Нира звонко расхохоталась.
– Не трусь, князь! Имея под окном собственный колодец, можешь позволить себе носить по-настоящему чистые рубахи. Мыло Жунбар купил, целый жбан, не только на них хватит.
– Успокоила, – Гилэстэл облегченно выдохнул, чуть улыбнувшись.
– Лечи своего друга. Остальное не ваша уж забота. Да и щедрость твою отрабатывать надо, – снова рассмеявшись, она легко махнула рукой.
– Спасибо, Нира, – с признательностью взглянул на неё полуэльф.
Поев, он помог Нире на треть наполнить водой из колодца пустую бочку, стоявшую под дождевым стоком. Влил туда же согретую в котле на печи воду.
– Всё, дальше я сама! – тоном, не терпящим возражений, отогнала его Нира.

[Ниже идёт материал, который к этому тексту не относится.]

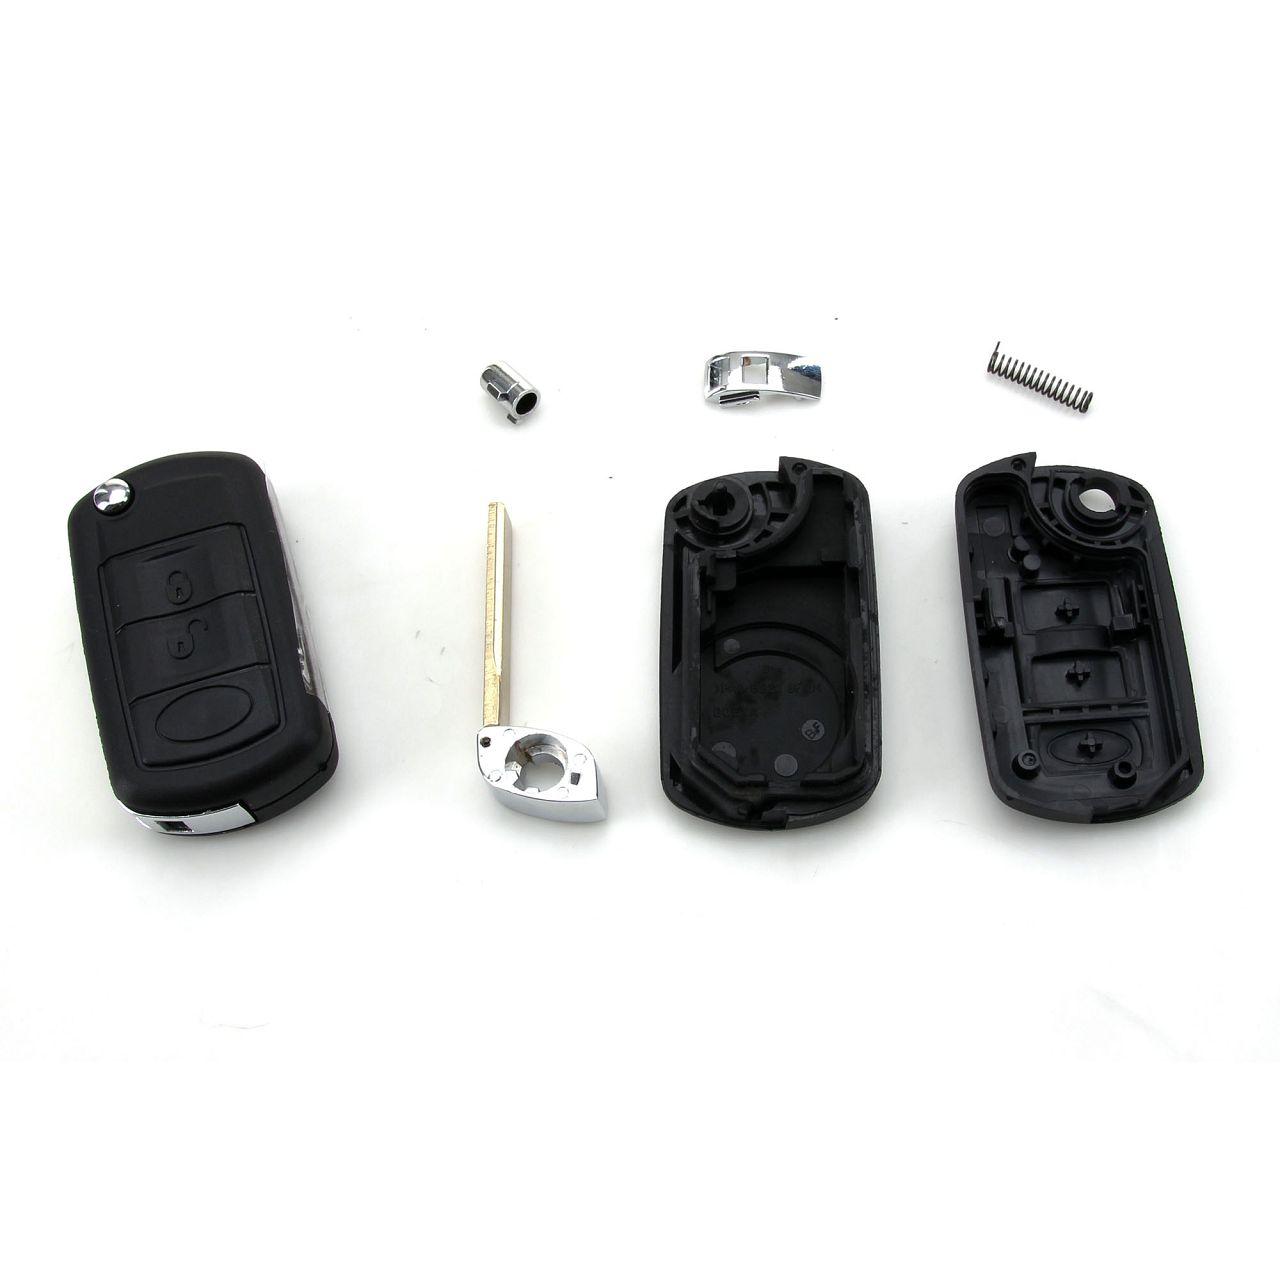 1x Schlüsselgehäuse + Schlüsselrohling 3-Tasten LAND ROVER Discovery III Range Rover

Отправив Гилэстэла к Астиду, Нира принялась за стирку. Зачерпнув две пригоршни серой склизкой массы из жбана, разболтала её в воде. Закинула в бочку ворох рубах и бинтов, и принялась ворочать их жердью, время от времени останавливаясь передохнуть. Решив, что ткань достаточно отмокла, Нира одну за другой вытащила рубахи, и, кинув их на плоский широкий камень, служивший ступенькой у порога, хорошенько отбила крепкой палкой. Затем снова отправила в бочку, и весь процесс повторился вновь.
Стук палки и звук мокрых шлепков перекрыл скрип открываемых ворот. Громкий голос за спиной заставил Ниру вздрогнуть и в испуге обернуться. По двору шли трое мужчин. Человек с деревянным ящиком на ремне, перекинутом через плечо, несомненно, был писцом. Рядом с ним вышагивал солдат из городской стражи в синем чапане и широкополой войлочной шляпе. А за ними, обводя двор внимательным взглядом темных глаз, следовал воин храма Безгласных.
Коря себя за то, что забыла закрыть за Жунбаром ворота, Нира оставила стирку. Вытерла руки о подол и встала, настороженно разглядывая незваных гостей. Приблизившись, троица остановилась. Писец вынул из-за пазухи свиток, развернул его, и не глядя на написанное, важно произнес:
– По королевскому эдикту всем жителямДжезъяна надлежит получить именные грамоты. Чей дом? Кто хозяева?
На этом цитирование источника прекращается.